I just say in a friendly voice: Hey what ya doin.
Response: Fishin.

Why would you fish the outside of the bend?
Response: We can't catch them from that side.

Well, it just seems to me it is not right to push in on me. 
Response: Well it's a public river.

Well, it may be but you know it is not right and I would not do it to you.

Following up to any other rebuttals with by repeating the above line.

I'm telling you it works like gold. Seems to really guilt guys into doing the right thing.


----------



## 2PawsRiver (Aug 4, 2002)

I agree with TSS that when you can do things positive you should. I have explained to my fishing partner the process for fishing below the dam at least three times, just loud enough so the guy on the other side of me can hear it. Works like a charm no feelings hurt and what is obviously a new fisherman to the area learns the system and lines don't get crossed, heck sometimes the new fisherman will follow up with a couple of questions.

But Tommy also has a point. My partner and I have also discussed fishing etiquette and that has worked, though sometimes it hasn't. I think everybody should be polite and respectful, but I have banged a weight or two off the side of a boat. Knew one guy that kept a spool of heavy spider wire in his pocket.....for "collecting" impolite fishermens rigs.


----------



## Crawfish (May 7, 2002)

Are the honest, considerate sportsman really in the minority out there on these rivers? I always thought there were slightly more decent guys than [email protected], and I hope that is still the case.

The reason I say this is because I think the best approach we can take is to police the rivers ourselves. I don't mean fistfights, but if all the decent sportsmen back each other up and stop tolerating the bullsh*& from these guys, I think they would be chased out of Dodge. 

The problem is, everyone stands back and says, "wow, what an @sshole. Let's see if that guy with his kids kicks his @ss." I'm not ripping anyone here for not doing anything, because I know it happens everywhere, and this has become characteristic of our society. Same reason people get mugged and murdered in NYC and people stand by and watch and don't even call the cops.

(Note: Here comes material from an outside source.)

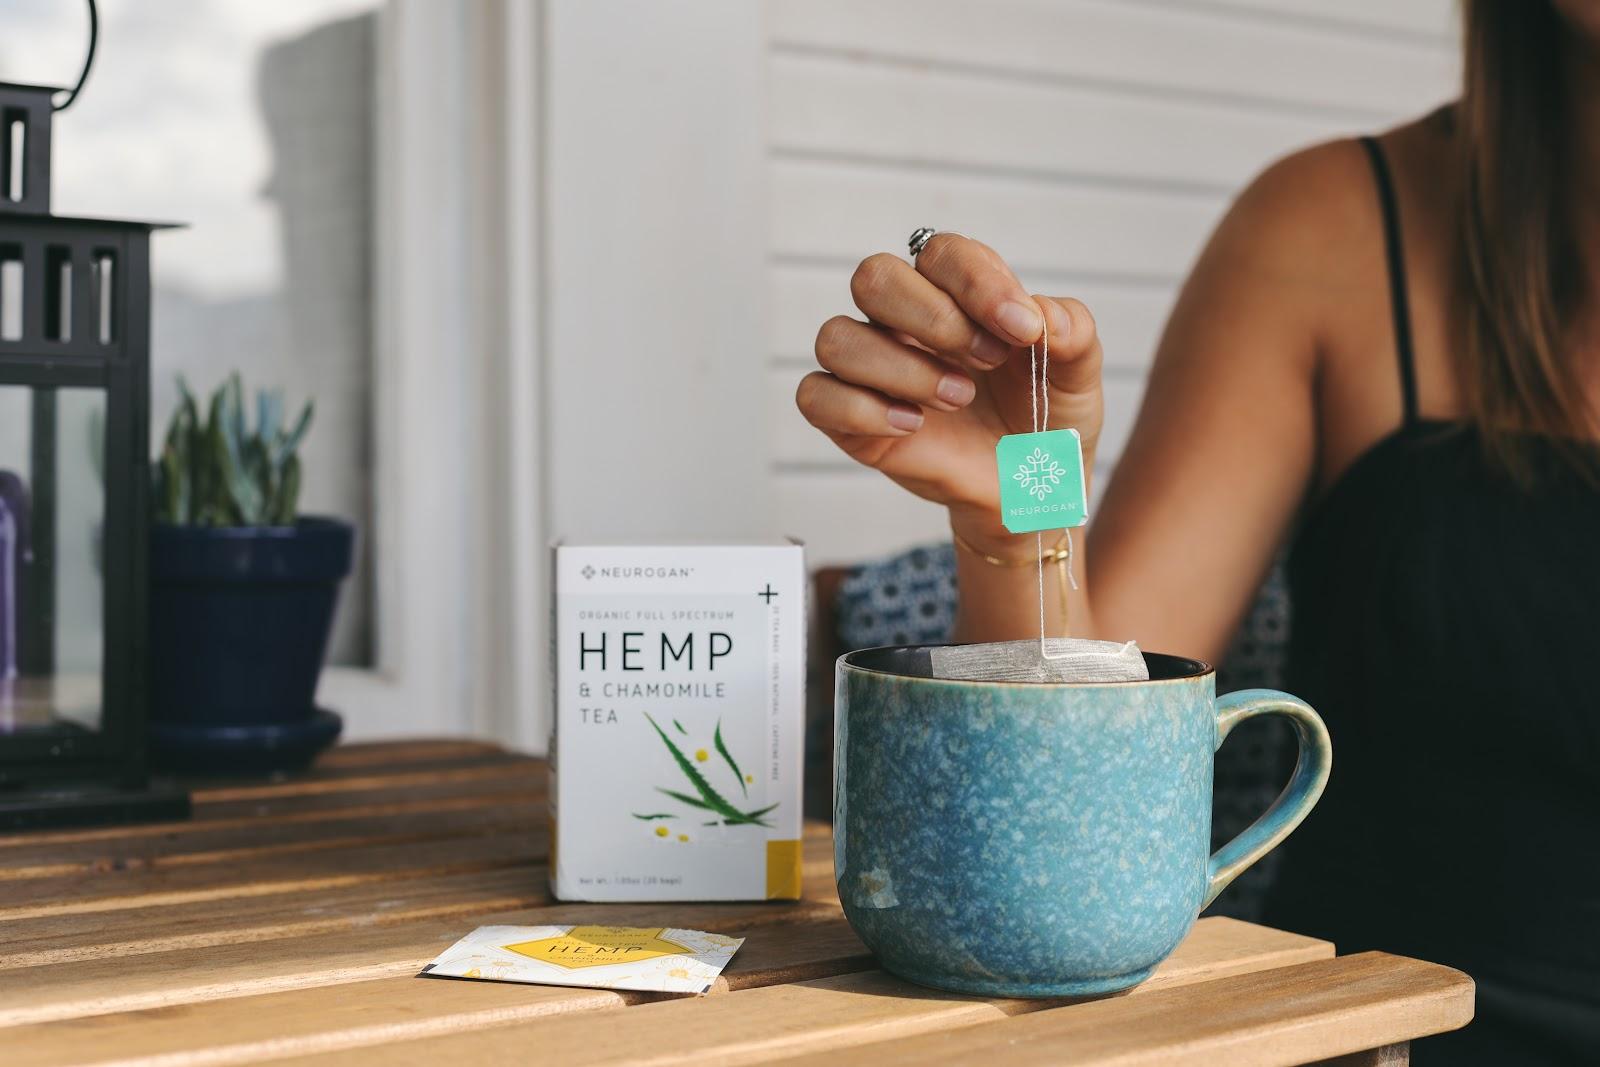 neurogan cbd tea with chamomile and hemp

But if we all stood up together and stopped tolerating all this crap, they would be chased out, the way you see a bunch of geese chasing the fox out of their nesting grounds. I'm sure you'll still have idiots on the isolated stretches, but maybe they would be scared to set foot in the crowded areas?


----------



## Beave (Aug 26, 2002)

Buy a boat.

Seriously, best decision I ever made. I got sick of combat fishing too. If you can't afford one, make friends with people here who have a boat. Check out the coldwater forum some time. If you toss up a thread saying "Looking to hit the big lake this weekend", I guarantee you'll find someone willing to take you out for the price of a little gas and a cooler of pop/beer.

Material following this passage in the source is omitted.